| Required work |
From the line containing "高円寺ECOプロジェクトWebサイトを公開しました" to the last line of the data, both included, transcribe each line exactly, leaving out pictures and adding nothing.

| Recorded data |
※ ※ ※

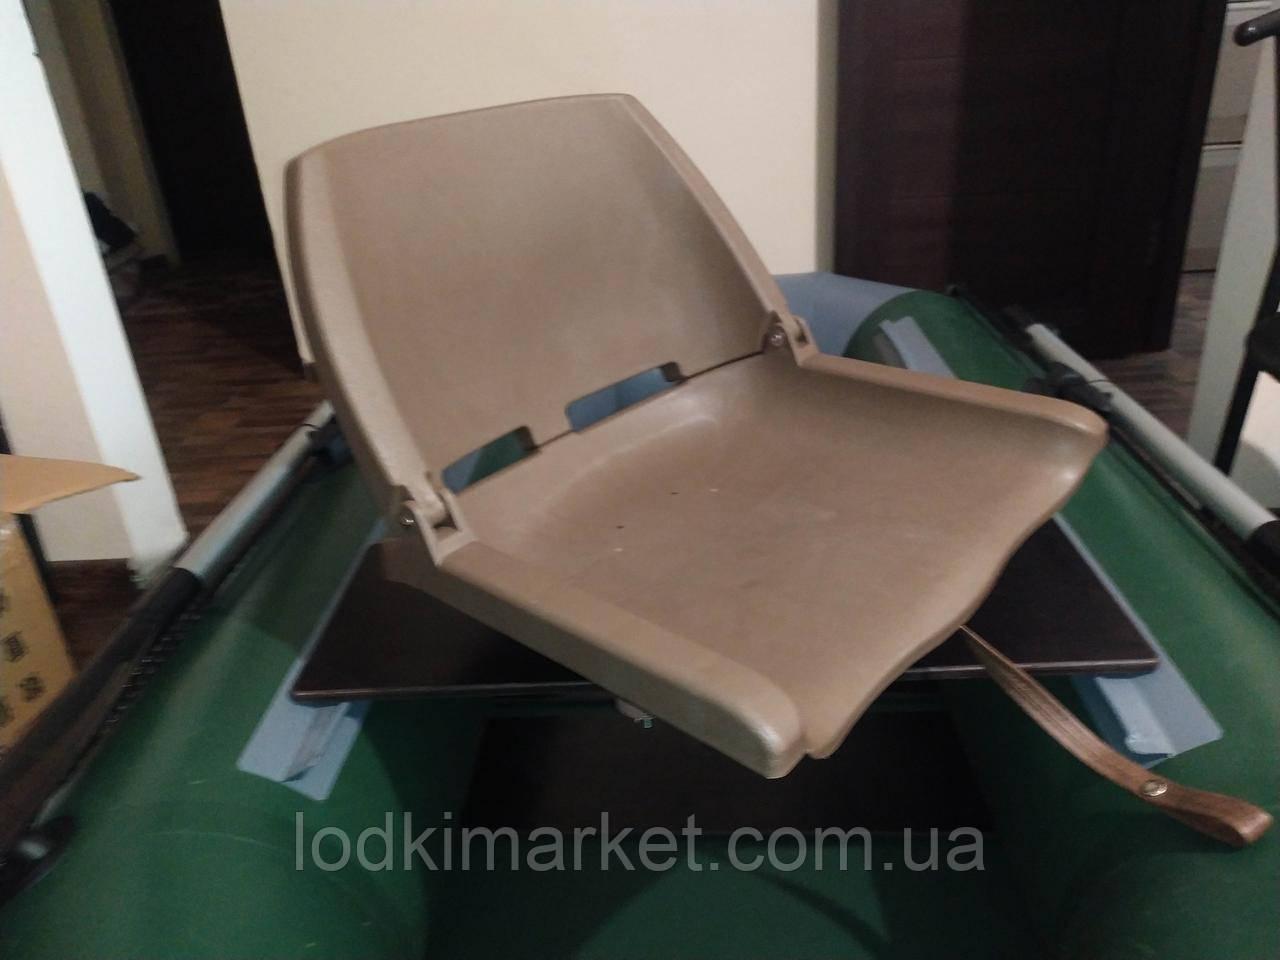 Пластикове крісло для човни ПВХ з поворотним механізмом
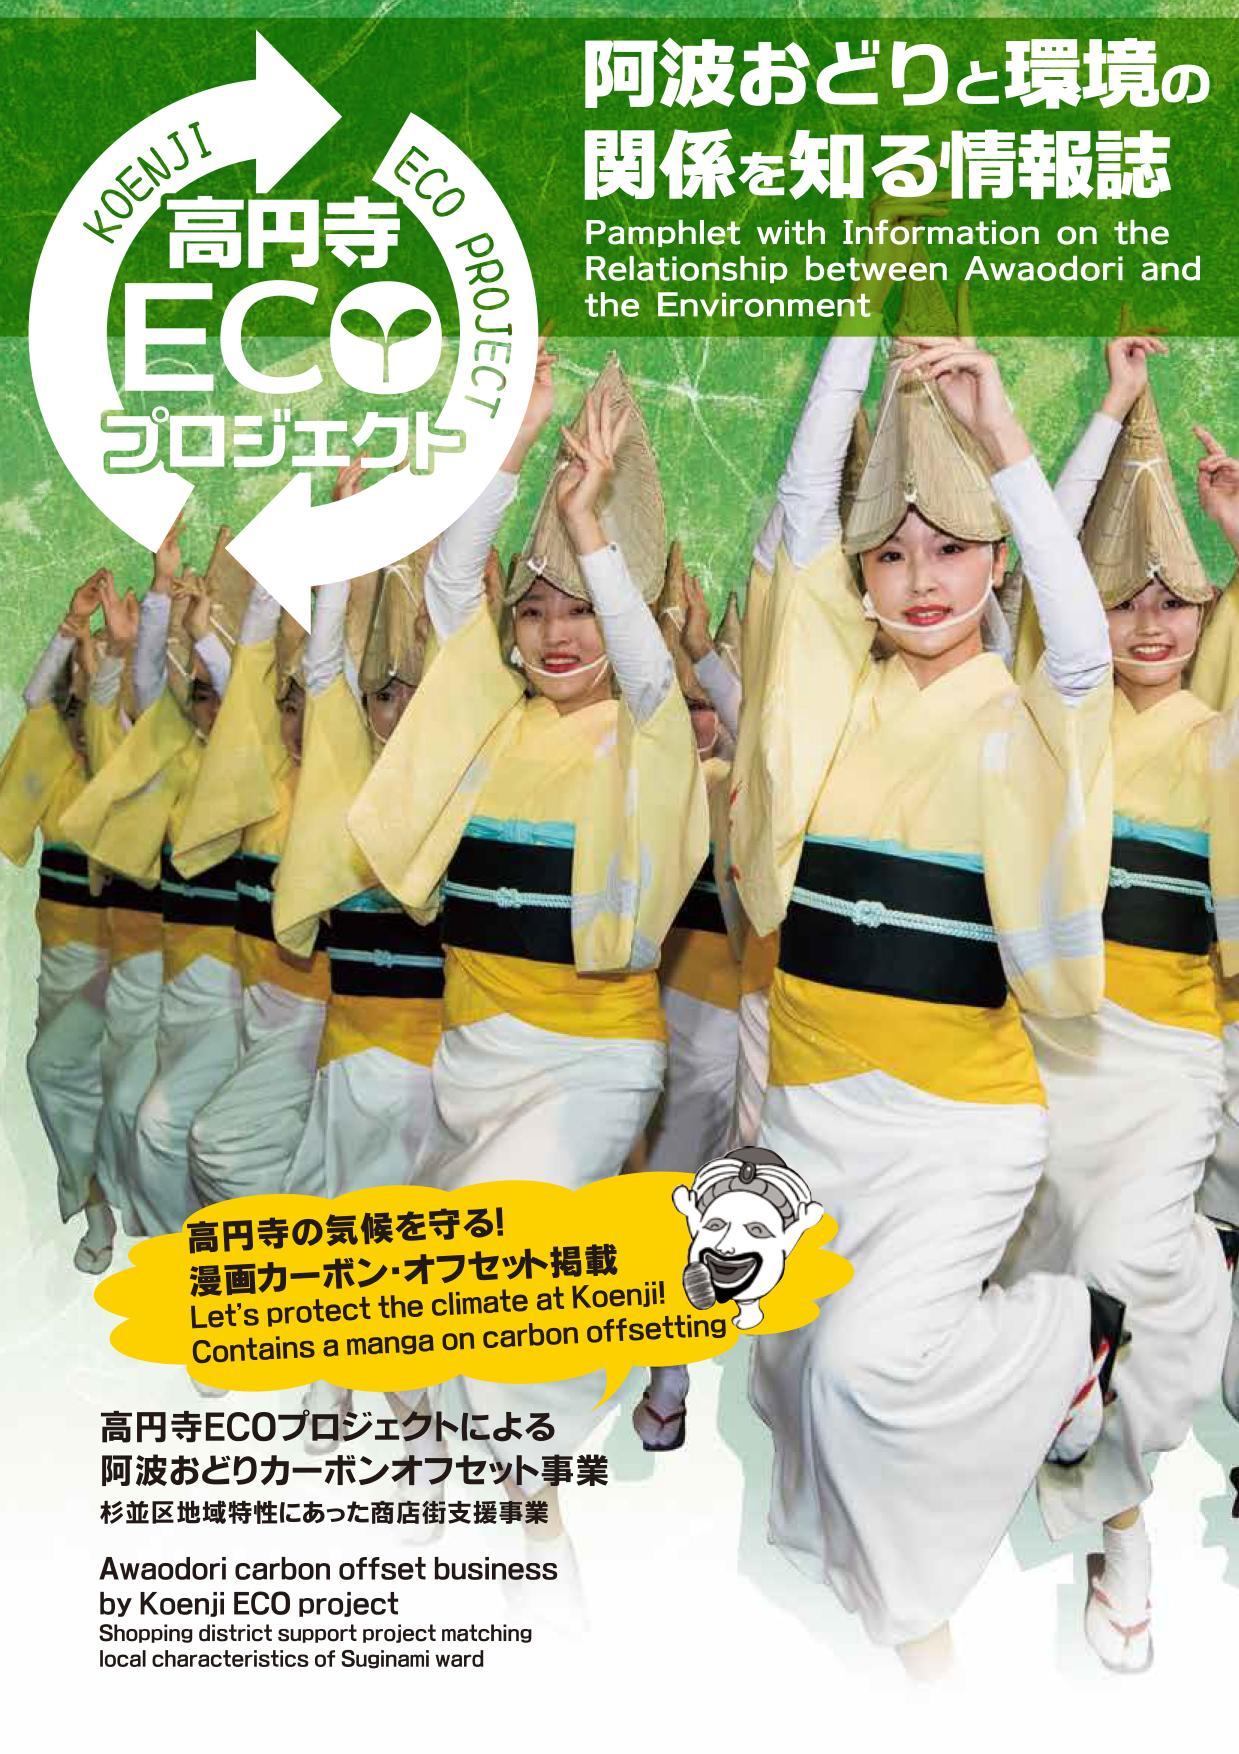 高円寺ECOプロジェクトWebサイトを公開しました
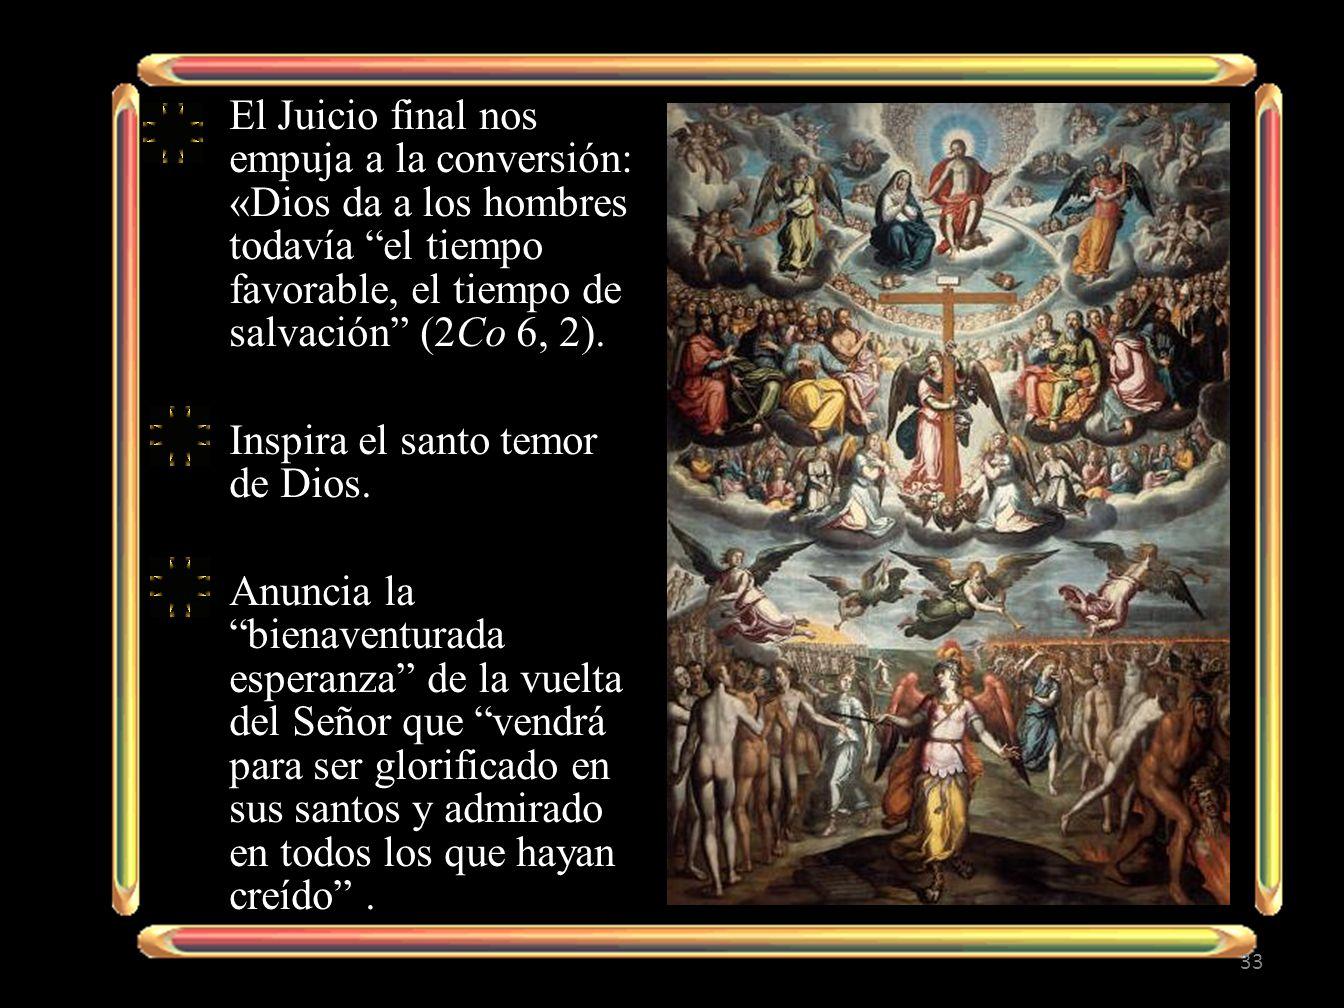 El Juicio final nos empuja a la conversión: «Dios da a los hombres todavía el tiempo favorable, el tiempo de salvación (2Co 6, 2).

※ ※ ※

| Task result |
 高円寺ECOプロジェクトWebサイトを公開しました
 El Juicio final nos empuja a la conversión: «Dios da a los hombres todavía el tiempo favorable, el tiempo de salvación (2Co 6, 2).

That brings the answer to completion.